Now let’s get to the main point: how to determine the sample size for A/B tests? In case of sophisticated systems, automation takes most if not all problems off your back (such is the case of our A/B testing service, SplitMetrics Optimize). You can run a sample size calculator if you wish, but it’s good to have a full understanding of it as sample size has a considerable effect on checking the significance of the observed difference in variation performance.
In this post we explore three areas related to the problem of calculating the right sample size for mobile app experiments and A/B tests. First, we focus on the business aspect of it. For a more in depth perspective, we also review a widely used sample size measuring method that helps to make statistically valid decisions (based on the results of your mobile A/B testing). Additionally, for all those nerds in us we included some math & formulas. We know that among our beloved readers there are people who like to look at the machinery at work.
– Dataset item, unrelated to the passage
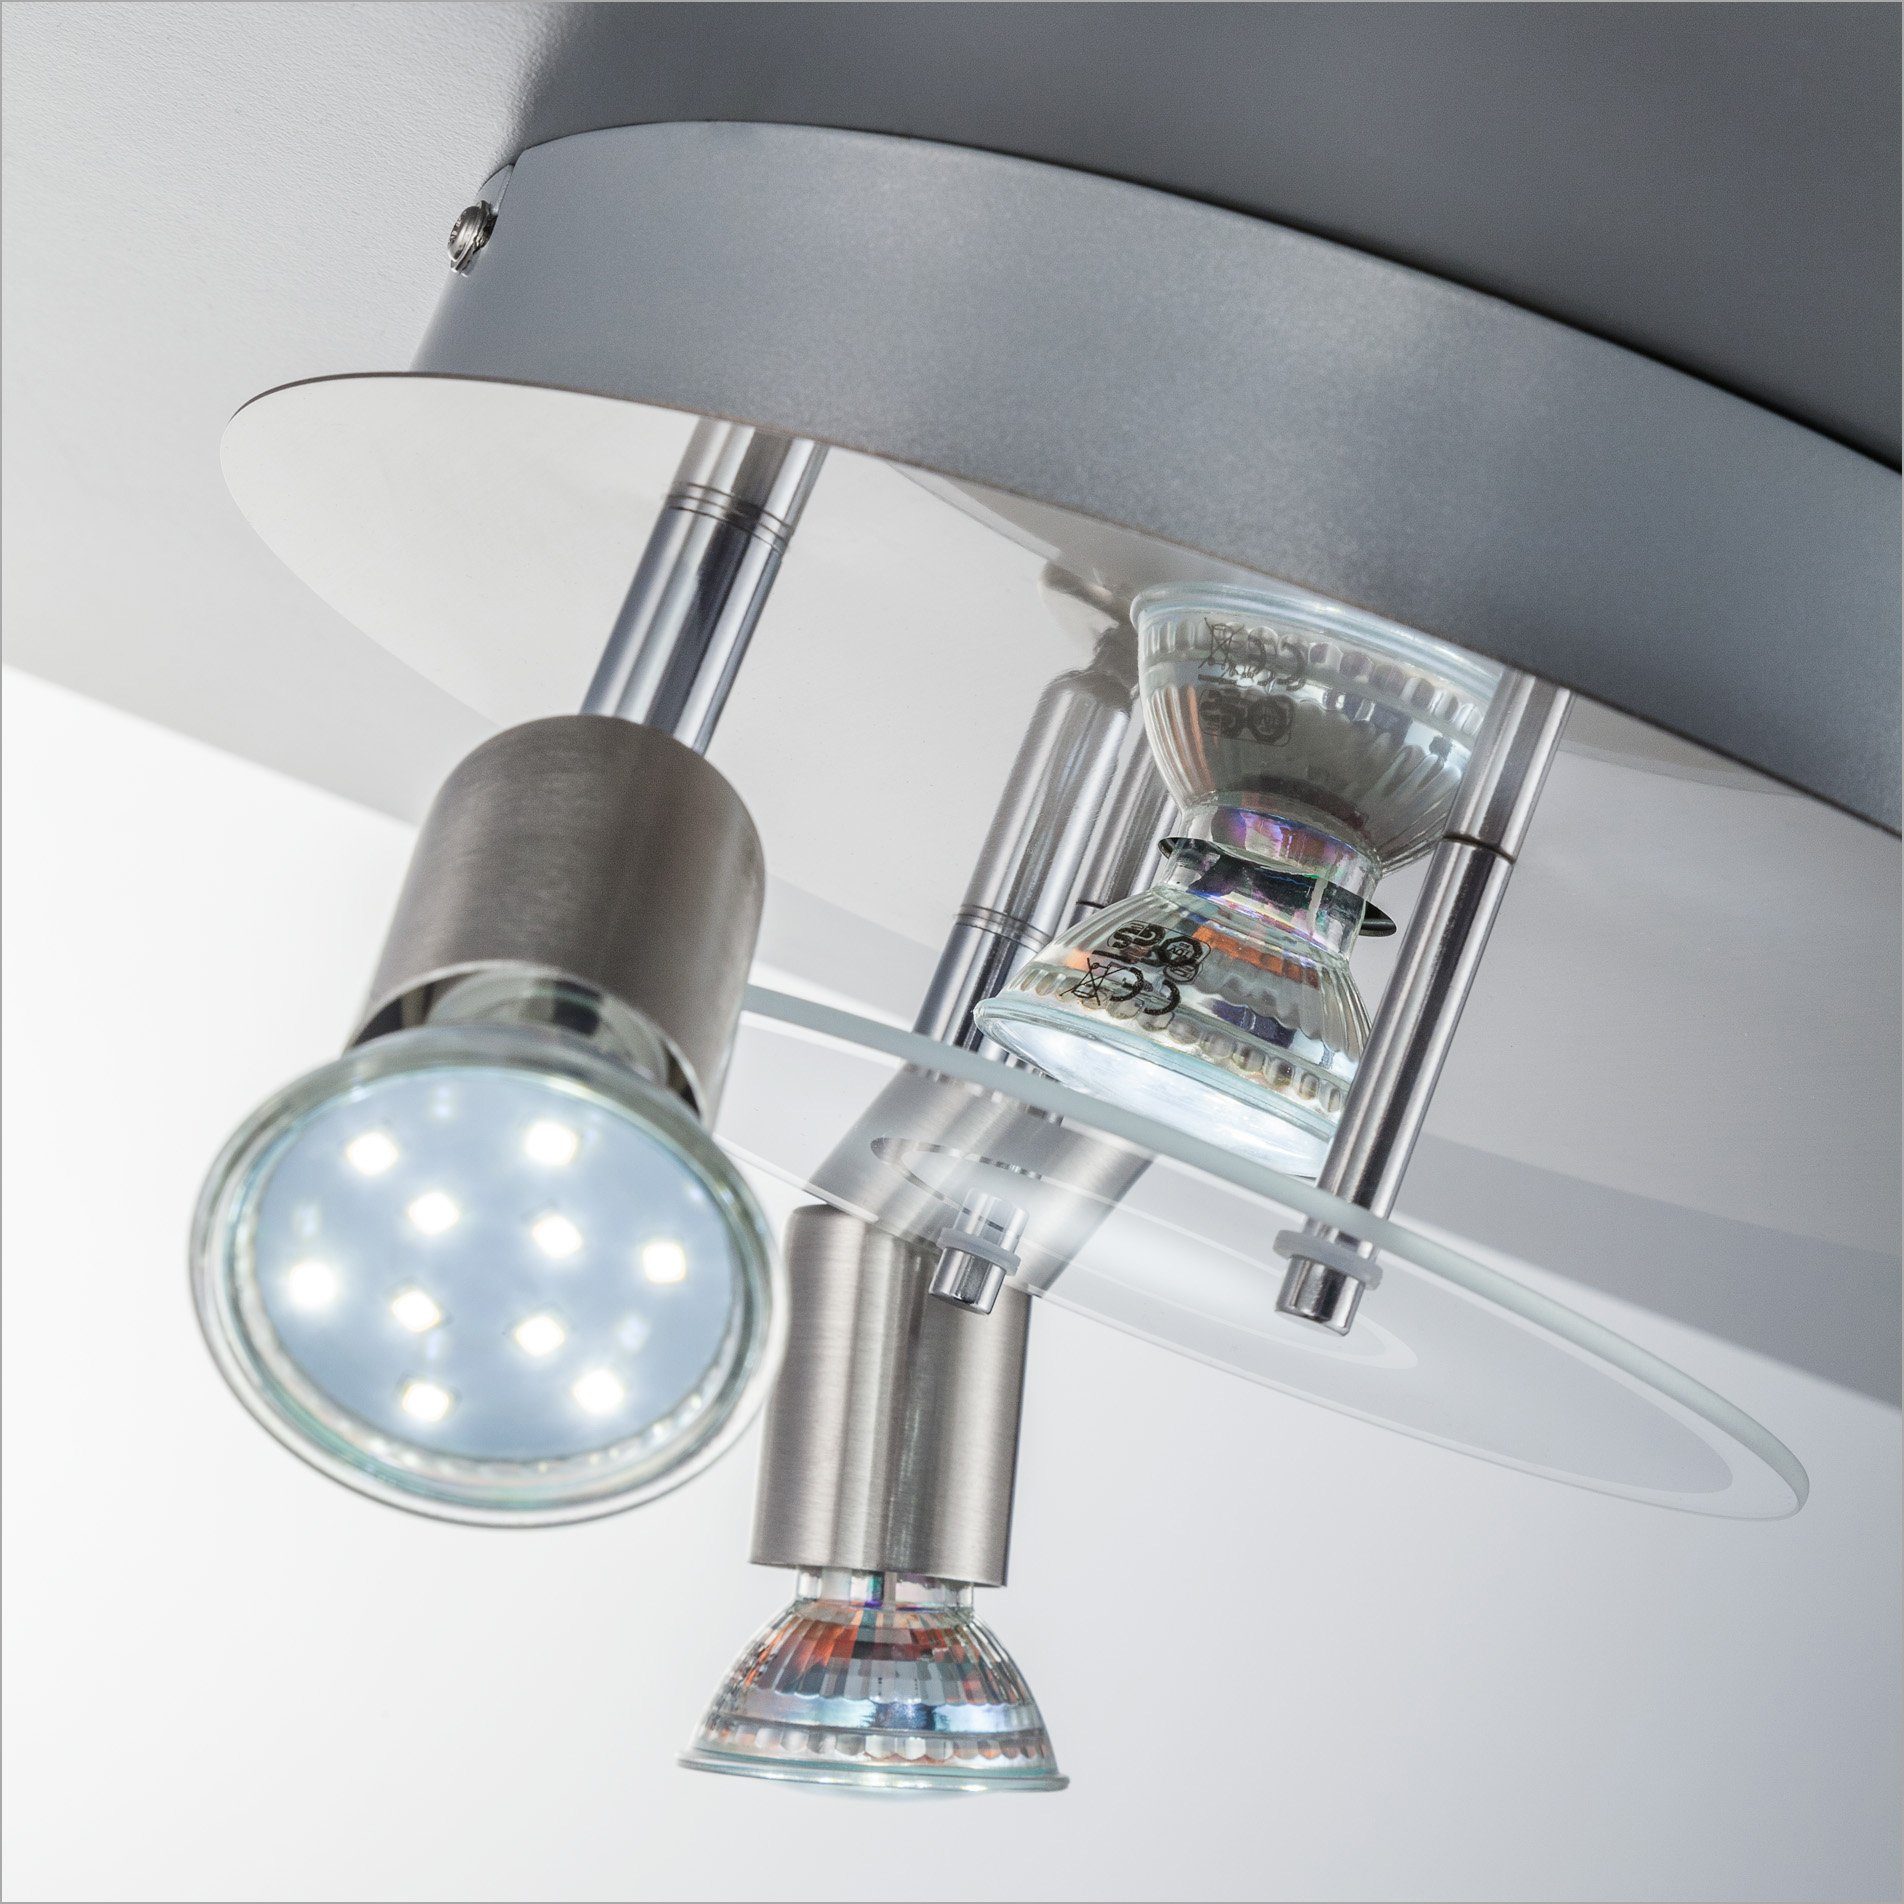 B.K.Licht LED GU10, wechselbar, Warmweiß, 250lm LED Deckenstrahler, Deckenleuchte, inkl. Glas, Strahler, Leuchtmittel rund, Metall, 3W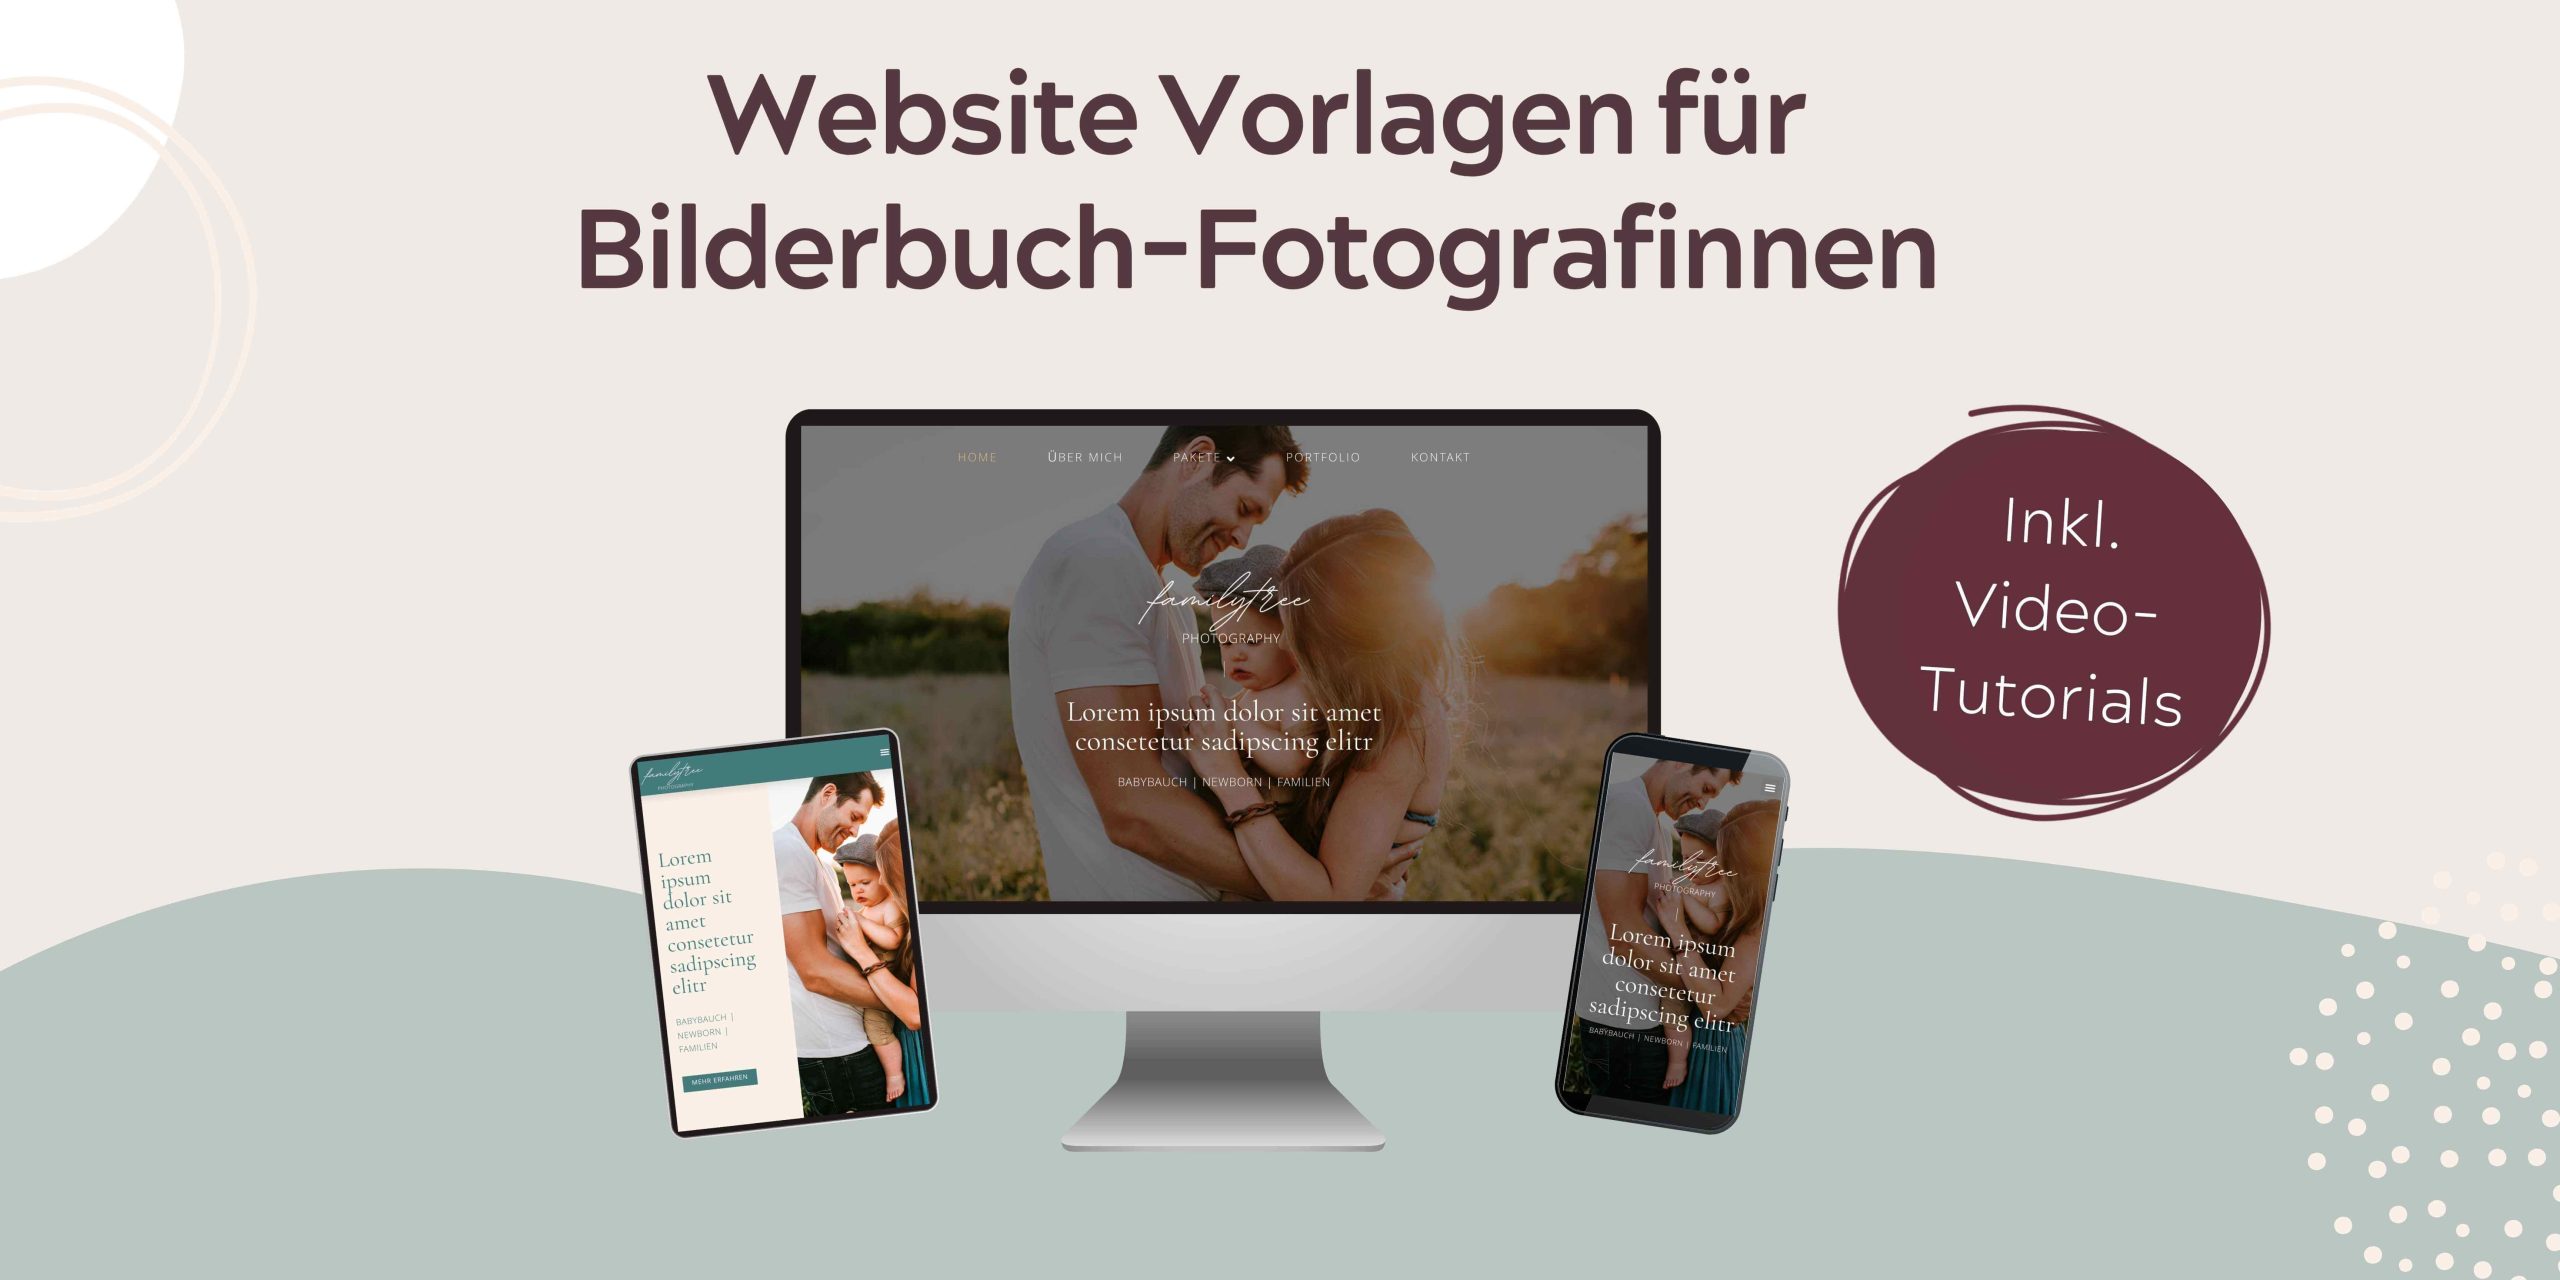 Website Vorlagen für Bilderbuch-Fotografinnen

What is the right sample size for my experiment?
In the world of mobile marketing – app growth & user acquisition in particular, the term “sample size” refers to the amount of visitors sent to a given variation of an app’s product page on any app store out there during an A/B test.
The higher the number of people who view and have a chance to interact with your variations (custom product pages on the App Store or custom store listings on Google Play), the more reliable will be your test results.
From a business perspective, the right sample size for your test is the one that is financially viable and that allows to achieve results with a trustworthiness level adequate to a specific goal. This is why a sequential A/B testing method is recommended for pre-launch validation of big design ideas – despite significantly higher traffic required to reach the minimal confidence level of 80%. It’s also the reason why the cheapest, multi-armed bandit method might be best for small seasonal changes and why the Bayesian method is the golden standard for the industry.
Calculating the minimum sample size required
In our case, choosing the right sample size is all about ROI, not discovering the meaning of life (besides, we know it’s 42, thanks to the “Hitchhiker’s guide to the galaxy”). In most cases, we’re striving to find a measurable conversion rate difference… with minimum cost.
To better understand how it all works, we’ll start with showing how it’s done in our platform for A/B testing, SplitMetrics Optimize.
Determining the right A/B test sample size in SplitMetrics Optimize
Return on investment. This is how the biggest app publishers approach this matter and it makes sense. When your ad budget exceeds $200k a month on Apple Search Ads alone, A/B tests are an integral part of their “growth engine”, meaning they come in large numbers and need to come within the boundaries of a certain budget, yet deliver what is expected from them. This is directly reflected in how our A/B testing platform, SplitMetrics Optimize works.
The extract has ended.